- _PROBLEM TO WORK ON_
For the entries that follow, restate word for word the line containing "Louisiana Purchase Exposition", the line containing "A fenti háromféle", and every line that lies between them.

- _SUPPLIED MATERIAL_
········

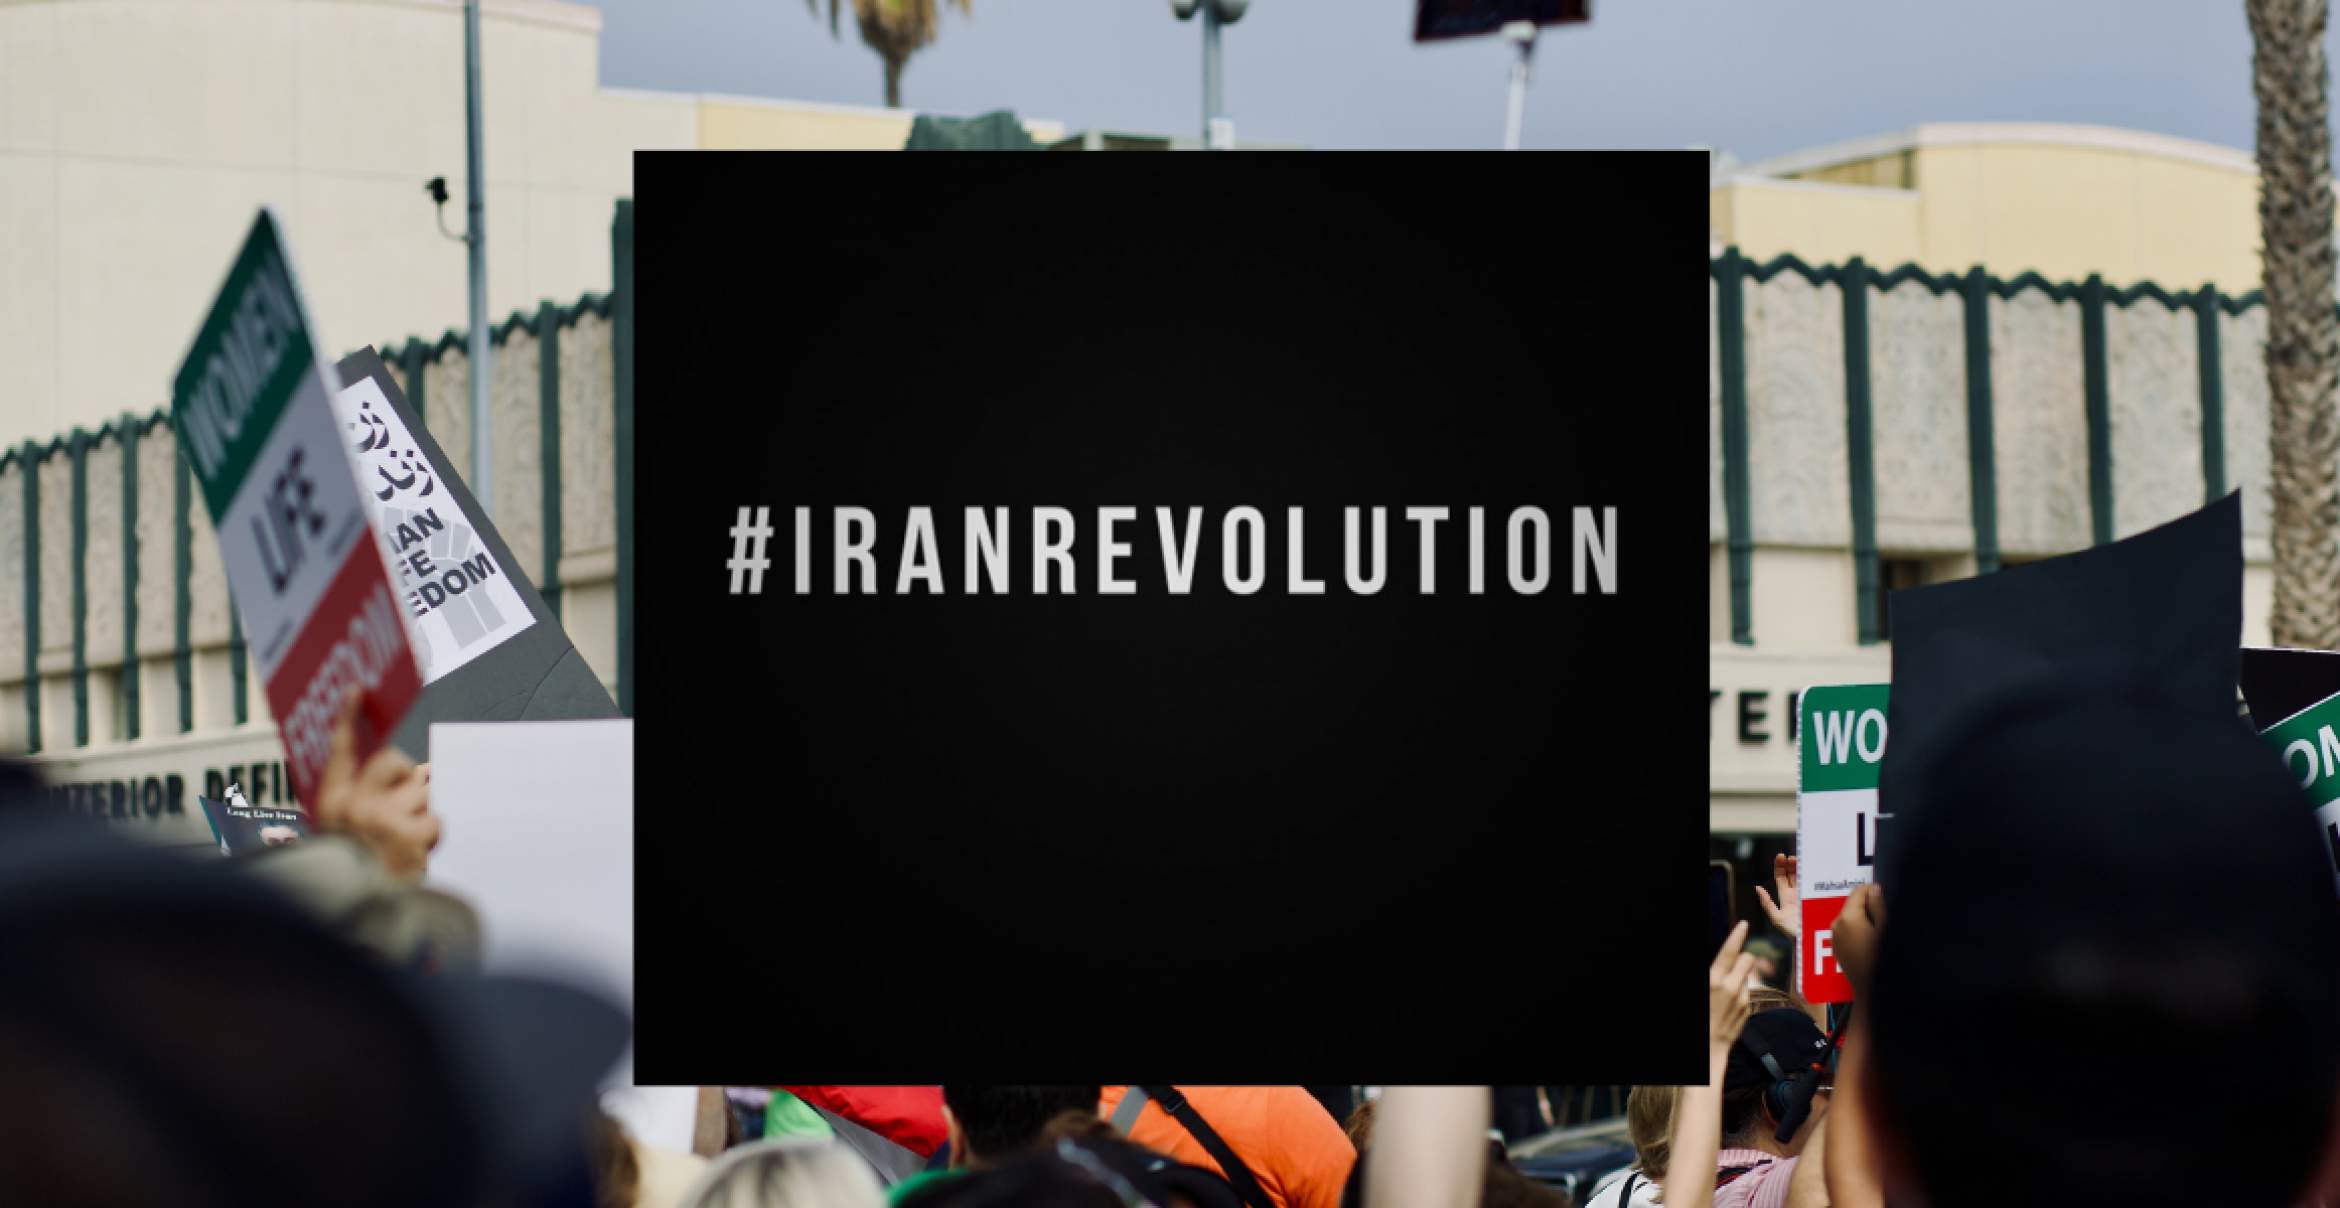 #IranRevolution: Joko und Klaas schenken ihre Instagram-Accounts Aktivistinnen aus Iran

········

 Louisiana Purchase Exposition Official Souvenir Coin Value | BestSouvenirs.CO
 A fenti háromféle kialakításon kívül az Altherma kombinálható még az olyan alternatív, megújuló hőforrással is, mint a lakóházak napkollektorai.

········

- _EXERCISE RESULT_
 Louisiana Purchase Exposition Official Souvenir Coin Value | BestSouvenirs.CO
 A fenti háromféle kialakításon kívül az Altherma kombinálható még az olyan alternatív, megújuló hőforrással is, mint a lakóházak napkollektorai.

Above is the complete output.